▶ WORK ITEM: In the listing below, start your output at the line with "https://www.youtube.com/watch?v=8aUAJj0xgr8" and end it after the line with "Enjoy! - Horus", copying every line exactly.

▶ DATA FOR THIS TASK:
*** Block opens ***
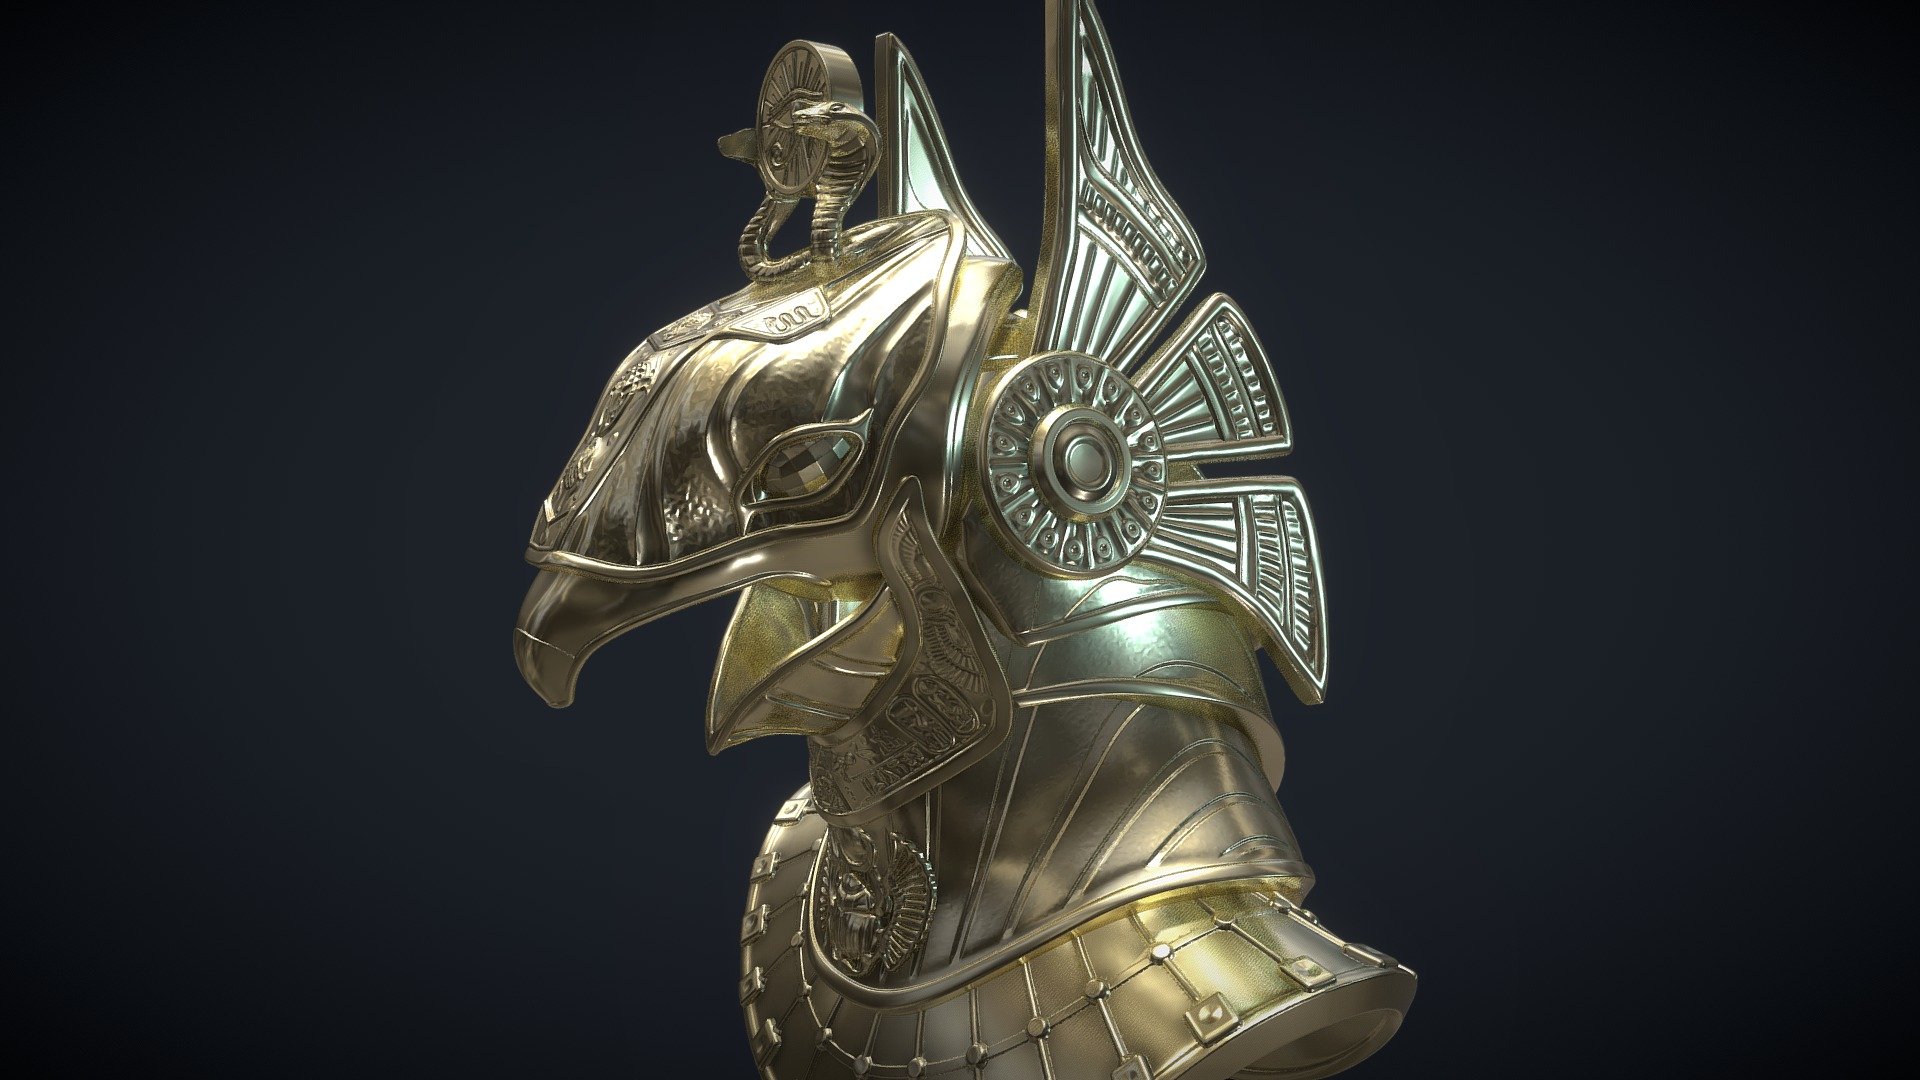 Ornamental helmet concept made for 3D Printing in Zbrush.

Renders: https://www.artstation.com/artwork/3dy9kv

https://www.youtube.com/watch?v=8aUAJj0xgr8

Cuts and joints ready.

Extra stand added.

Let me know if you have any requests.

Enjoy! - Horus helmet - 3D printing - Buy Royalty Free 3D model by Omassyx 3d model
*** Block closes ***
*** Block opens ***
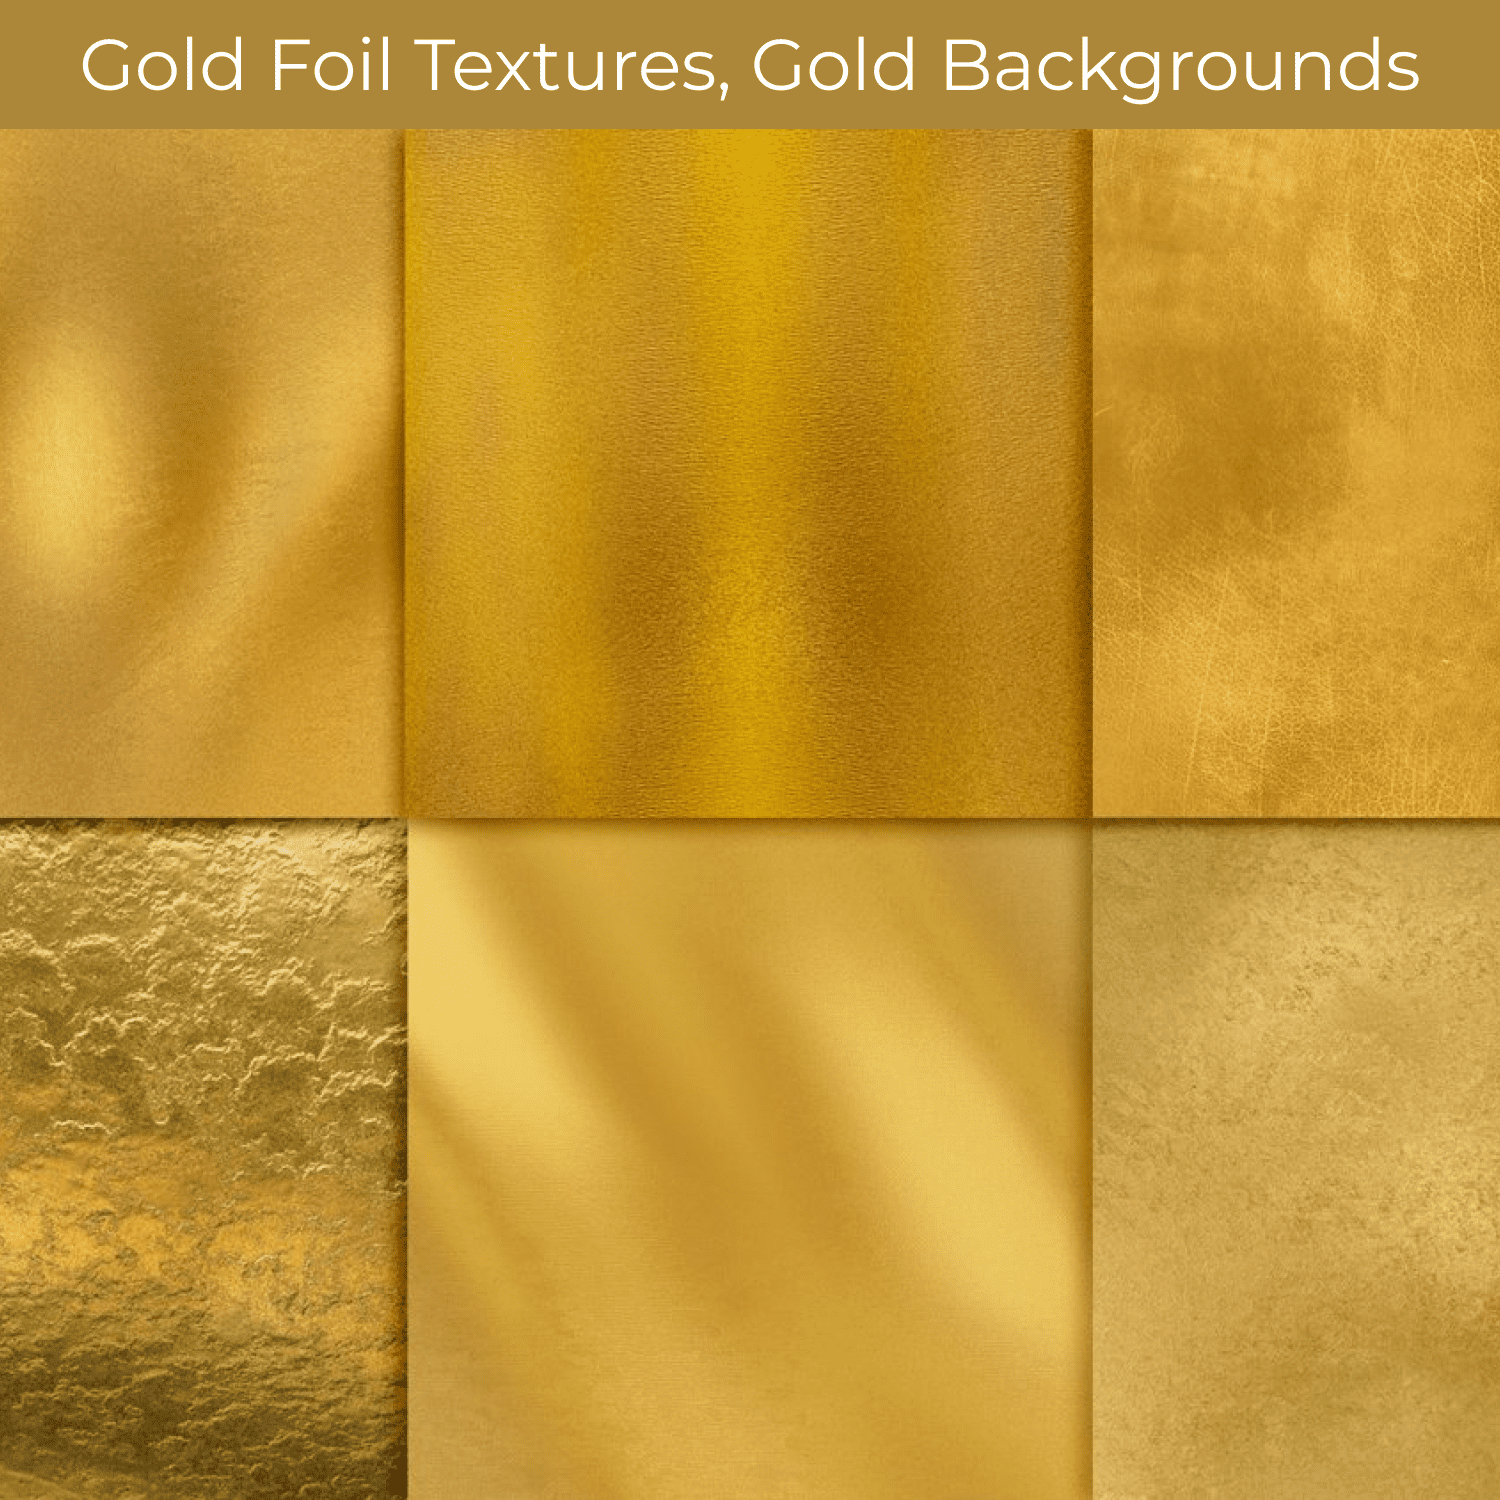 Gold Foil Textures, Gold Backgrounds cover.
*** Block closes ***
▶ ANSWER:
https://www.youtube.com/watch?v=8aUAJj0xgr8

Cuts and joints ready.

Extra stand added.

Let me know if you have any requests.

Enjoy! - Horus helmet - 3D printing - Buy Royalty Free 3D model by Omassyx 3d model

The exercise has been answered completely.